Il est vrai que les stages sont difficiles à trouver si l'on se cantonne à cette région. C’est pourquoi
nous travaillons sur les métiers liés à la sécurité avec des grandes villes comme Toulouse, Paris et
Lille. Les étudiants suivent des stages en entreprises, d’une durée de 12 semaines minimum, qui
comprennent entre 30 à 40% de sécurité mais certains trouvent des stages avec 100 % de sécurité
chez sysdream, advens, sogeti ... les étudiants venant de toute la France, Ils ont tendance à privilégier
des stages proches de leurs lieux d’habitation. Ils décrochent habituellement leur stage eux-mêmes,
mais il nous arrive parfois de les aider.
La licence CDAISI conduit-elle à une certification ?
Grâce à des accords passés avec l’EC-Council, la partenariat Academia, nous préparons nos élèves
à la certification CEH (Certified Ethical Hacker). Nous la faisons passer à prix réduit, soit 170 € HT
contre 3 600 € HT. Nous sommes en pour parler afin de pouvoir aussi pouvoir leur faire passer
quelques certifications cisco.
Comment voyez-vous l’avenir des formations liées à la sécurité ?

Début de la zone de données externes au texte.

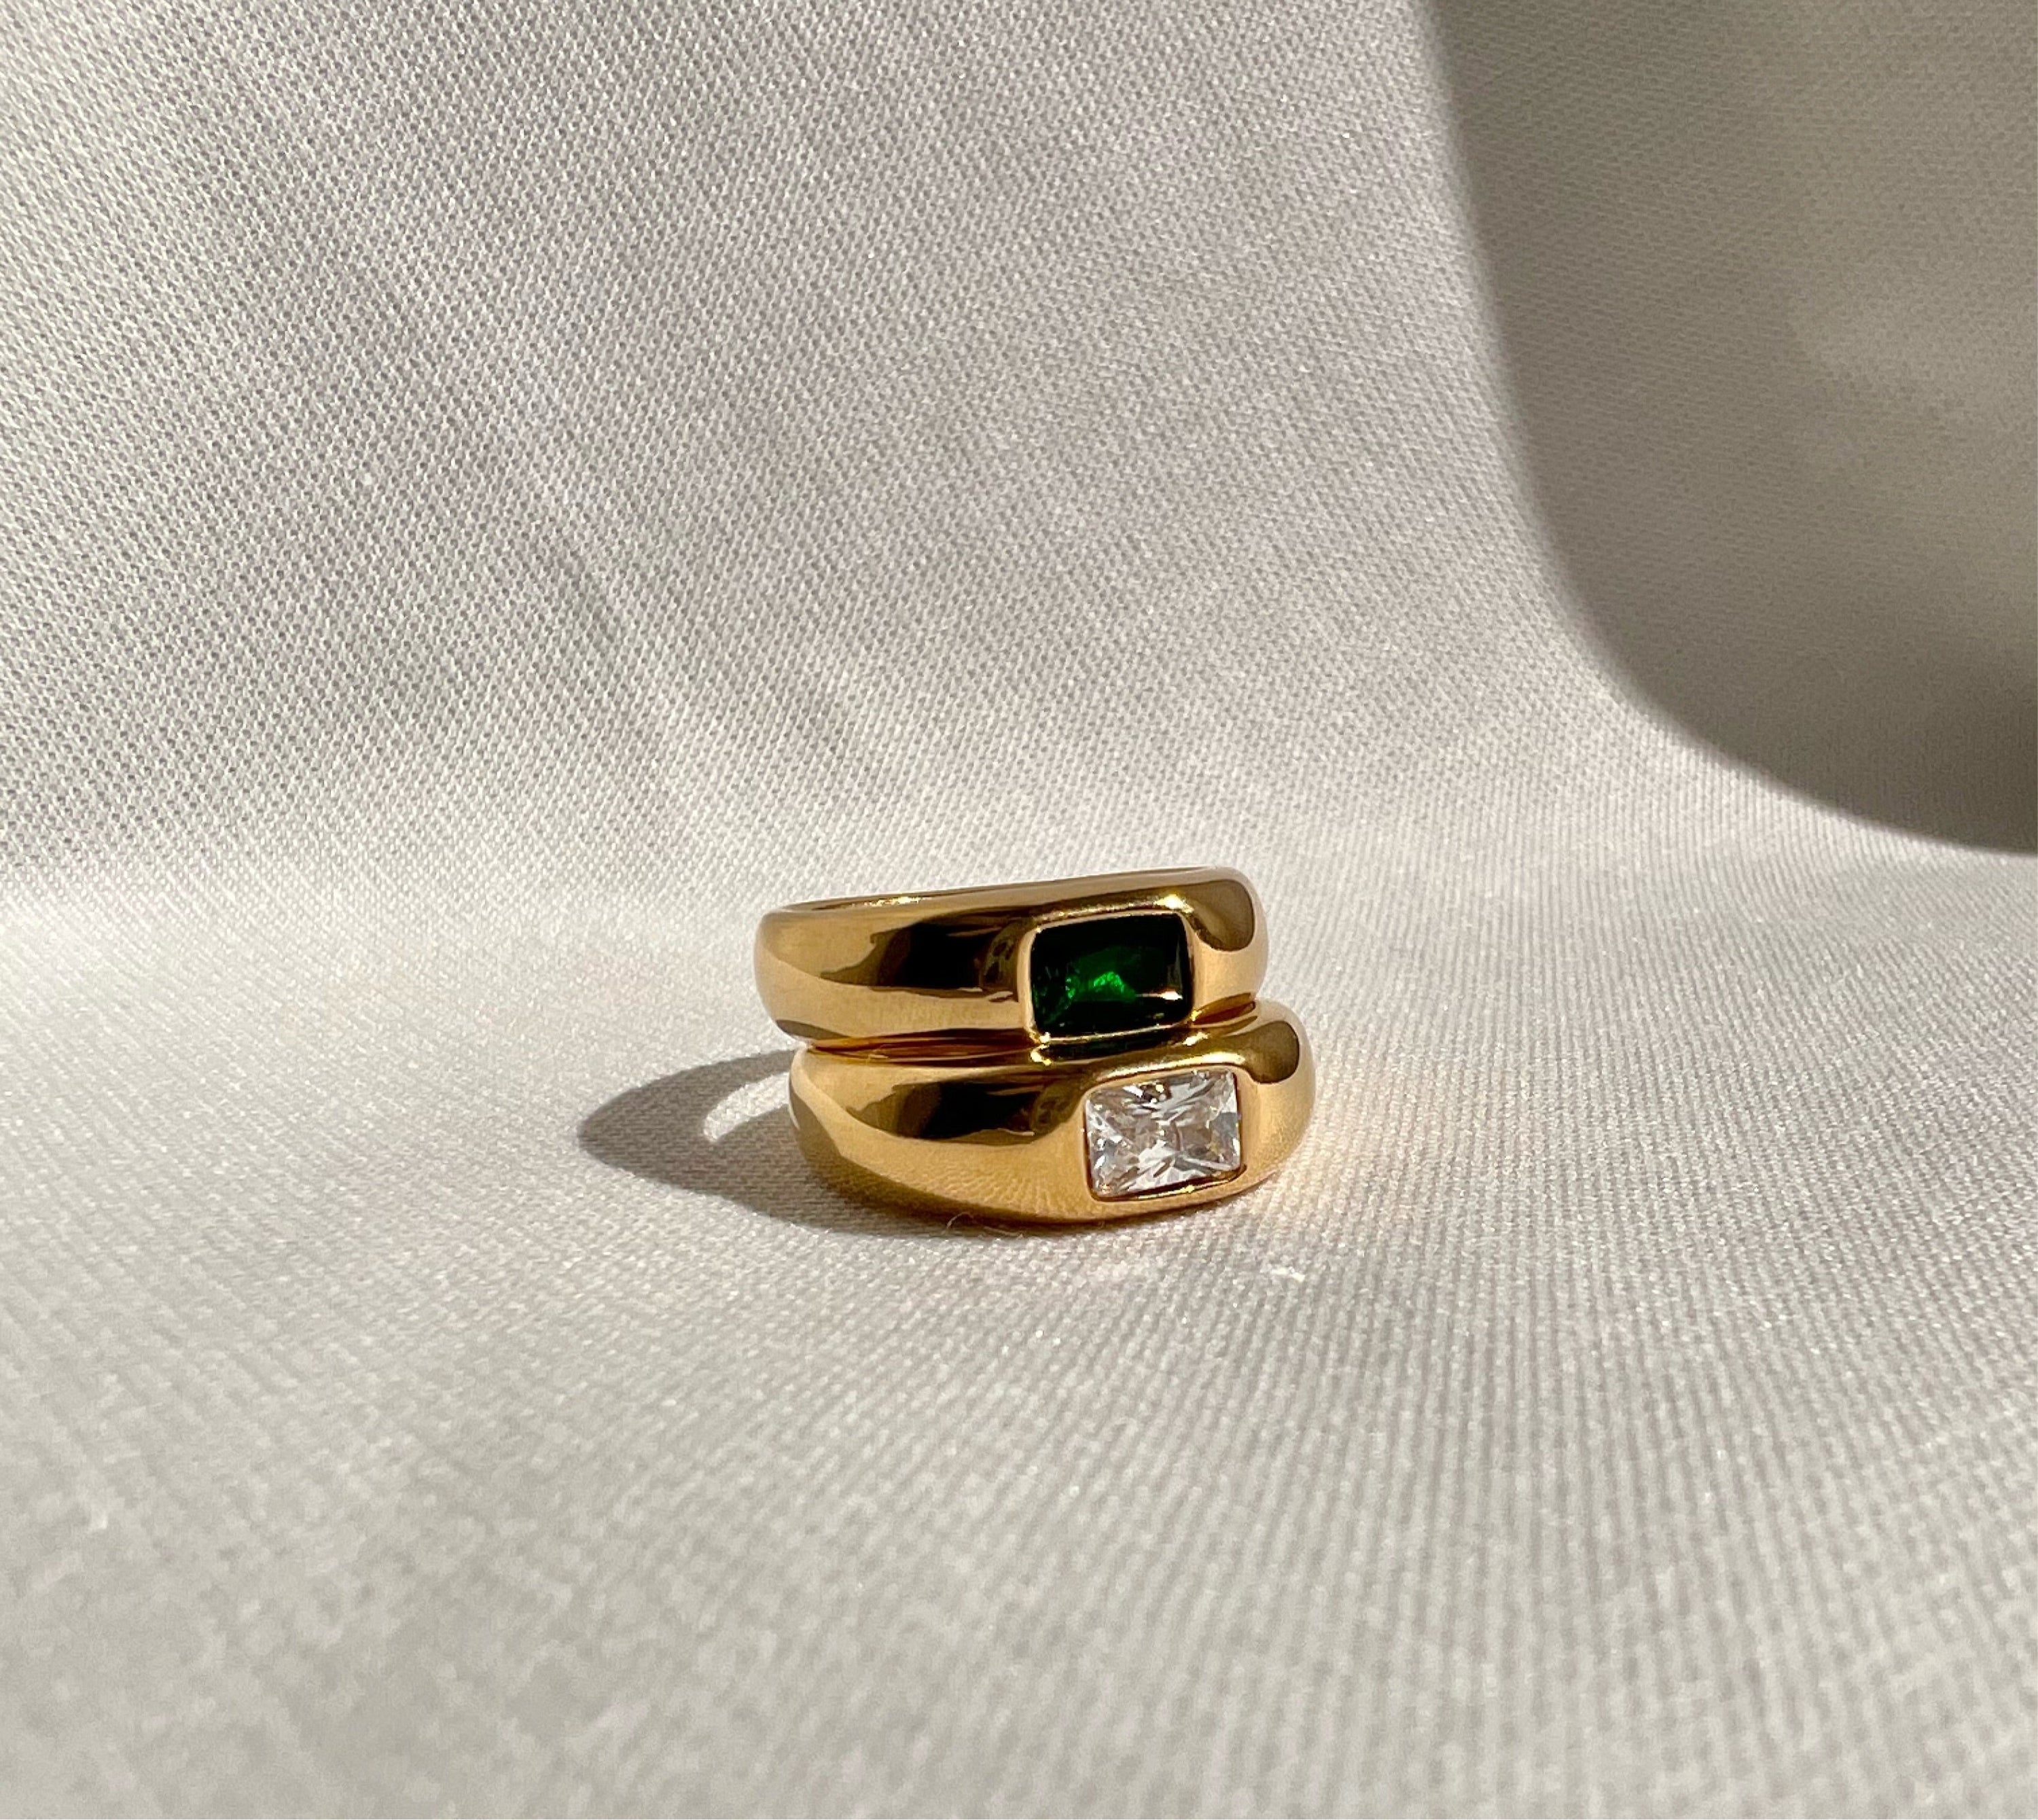 Green Cubic Zirconia Emerald Statement Ring - Hypoallergenic & Tarnish Resistant in 18k Gold Plated Stainless Steel - Jewelry & Watches - Bijou Her -  -  - 
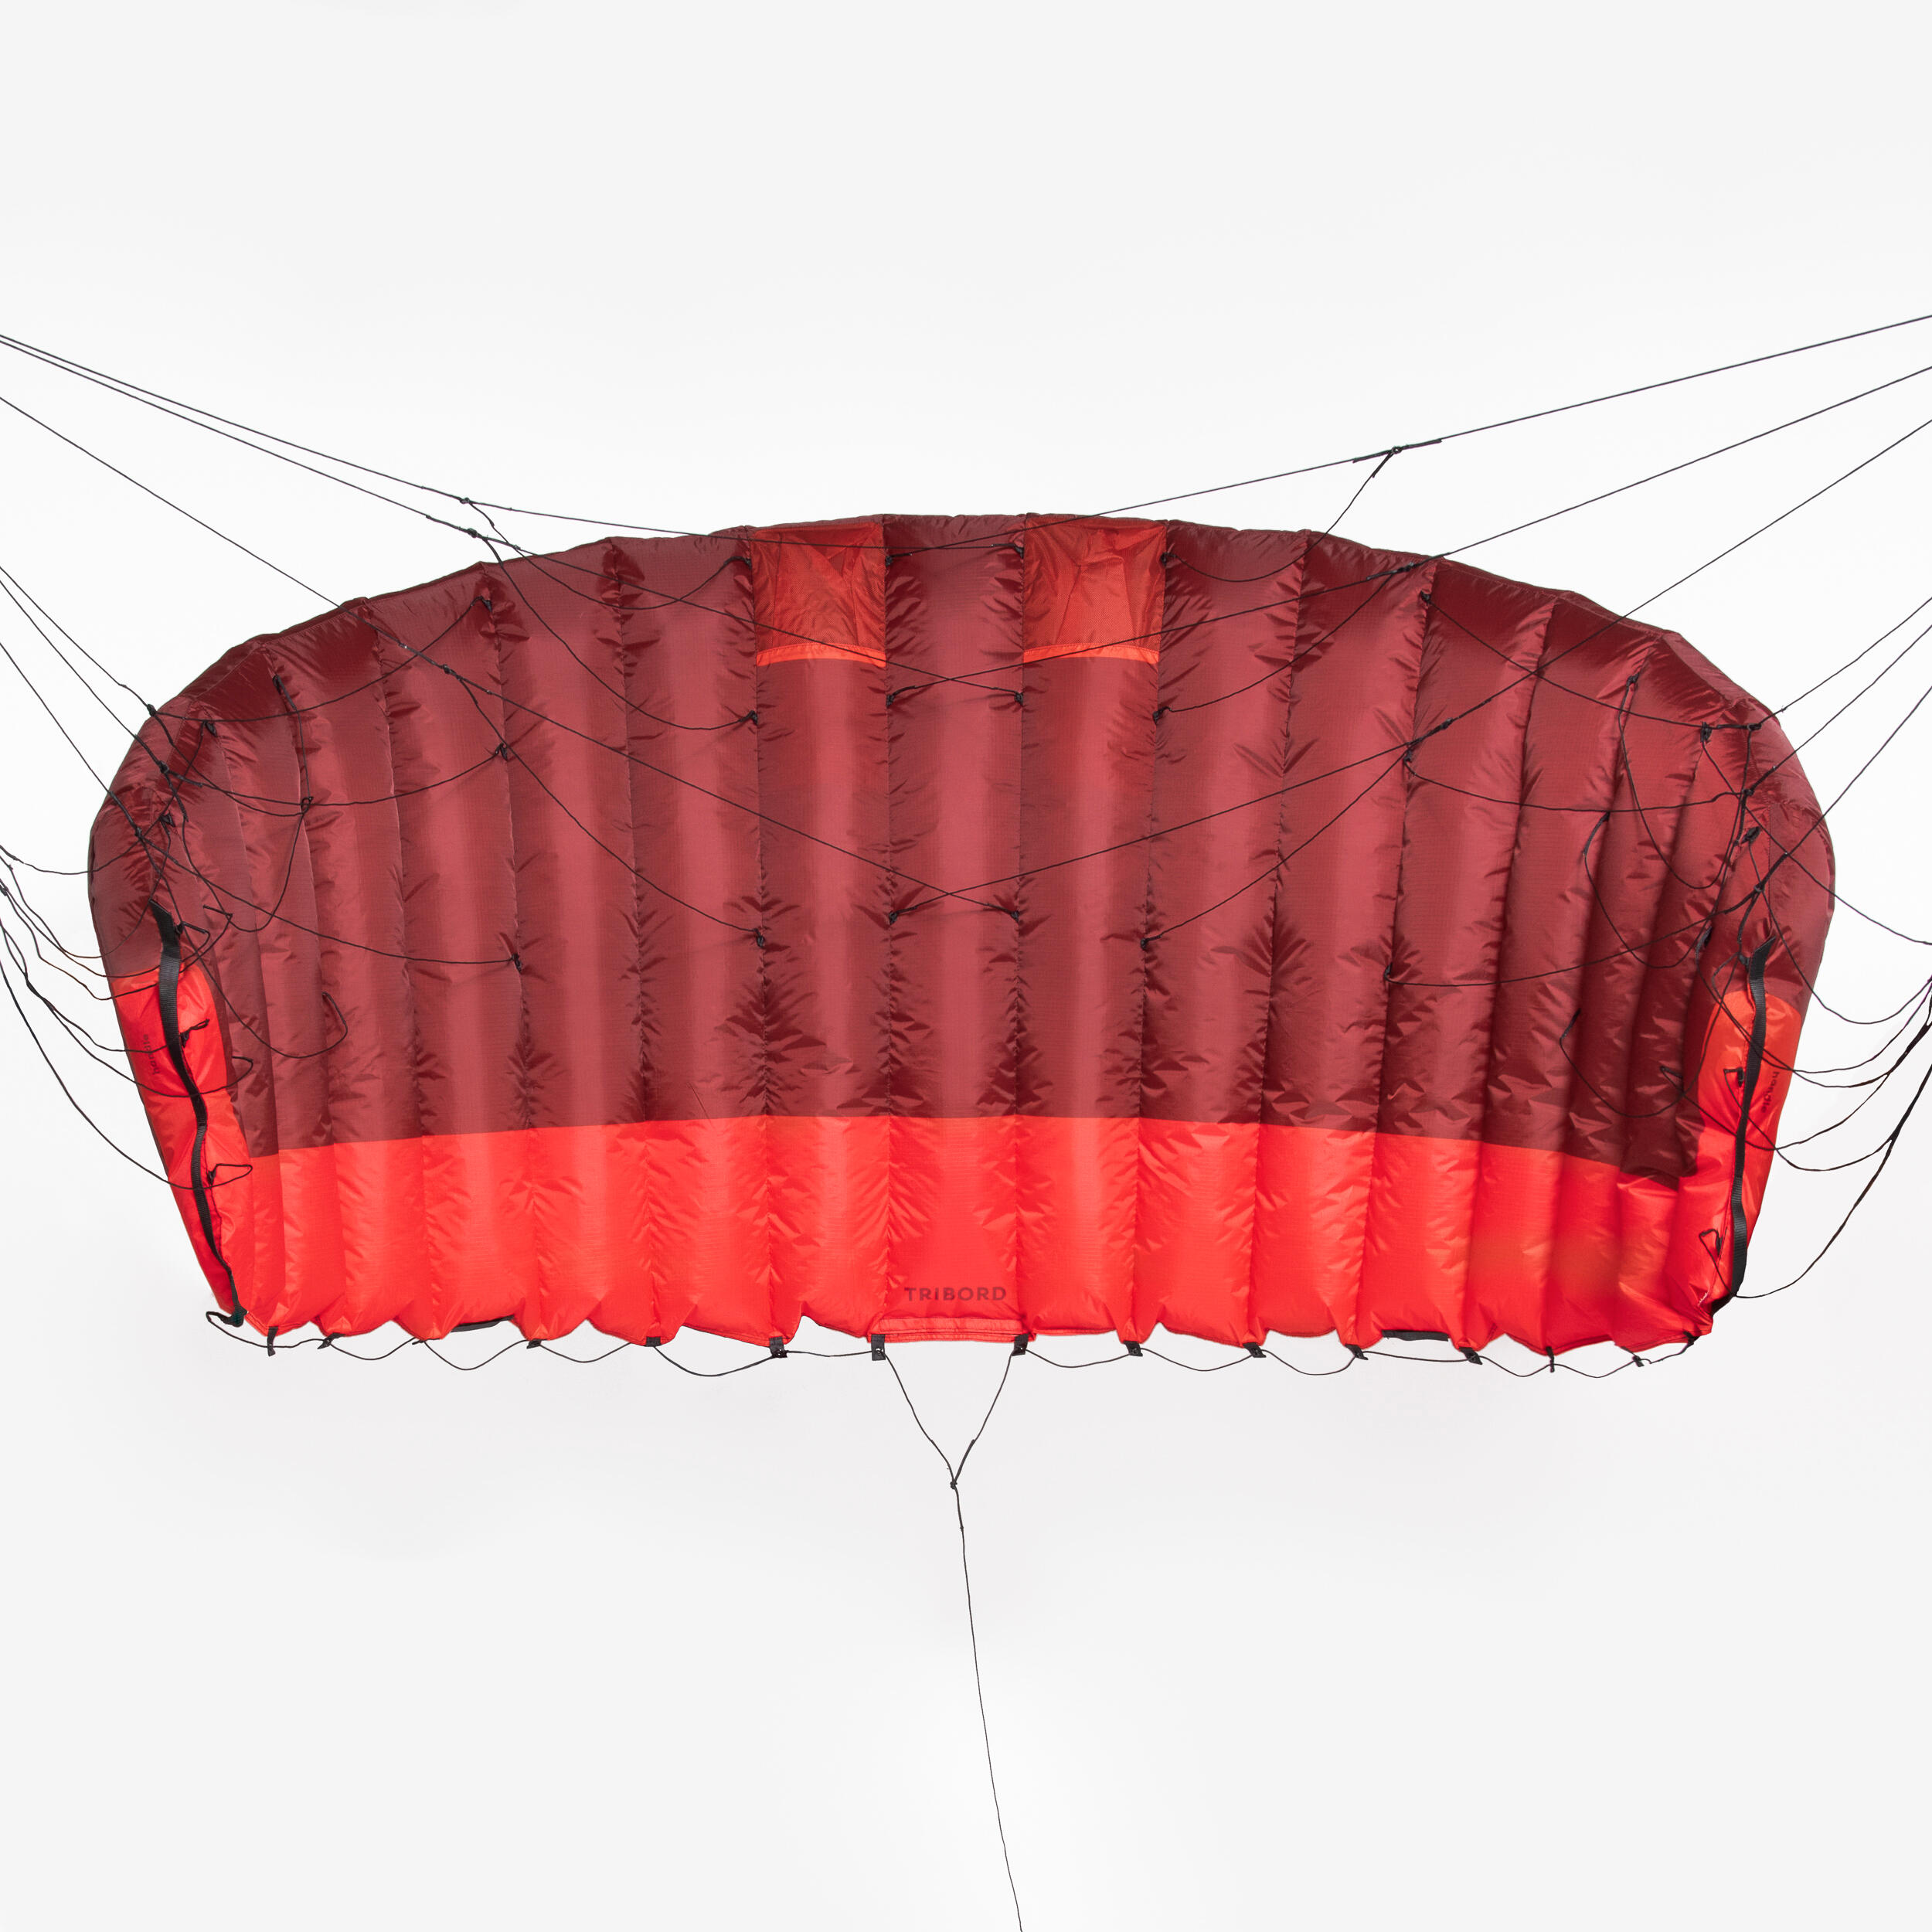 TRACTION KITE KS100 2.5 m2 red - with bar 4/7

La licence CDAISI a été créé il y a cinq ans et on ne m’a, pour l'instant, jamais demandé de former
des enseignants en France. Ce n’est pas le cas dans certains pays d’Afrique, comme la Côte d’Ivoire,
le Congo ou le Maroc qui sont demandeurs de ce type de licences et qui ont une vision d’avenir sur la
sécurité, ils se rendent compte de la nécéssité d'une telle licence chez eux. Actuellement, ces pays
déploient de la fibre partout. Lorsqu’ils conçoivent des architectures réseaux, ils pensent avant tout à
la sécurité. En France, c’est lorsque tout est terminé qu’on se penche sur les aspects sécuritaires.
Biographie
En parallèle Franck a également créé l'association ACISSI (Audit, Conseil, Installation et Sécurisation
des Systèmes Informatiques) et ensuite une manifestation, les RSSIL (Rencontres des Solutions de
Sécurité et d'Informatique Libre), qui ont pour ambition de mettre en relation ces jeunes hackers, les
écoles de formations et les professionnels de la sécurité afin de créer une osmose entre eux.
Franck Ebel est très impliqué dans la formation et la sensibilisation à la sécurité informatique. Son
dernier projet est une compétition de Hacking éthique à travers l'Europe et l'Afrique, le
HackNowledge-Contest Europa Africa qui comporte dejà 9 pays participants pour la premiére année.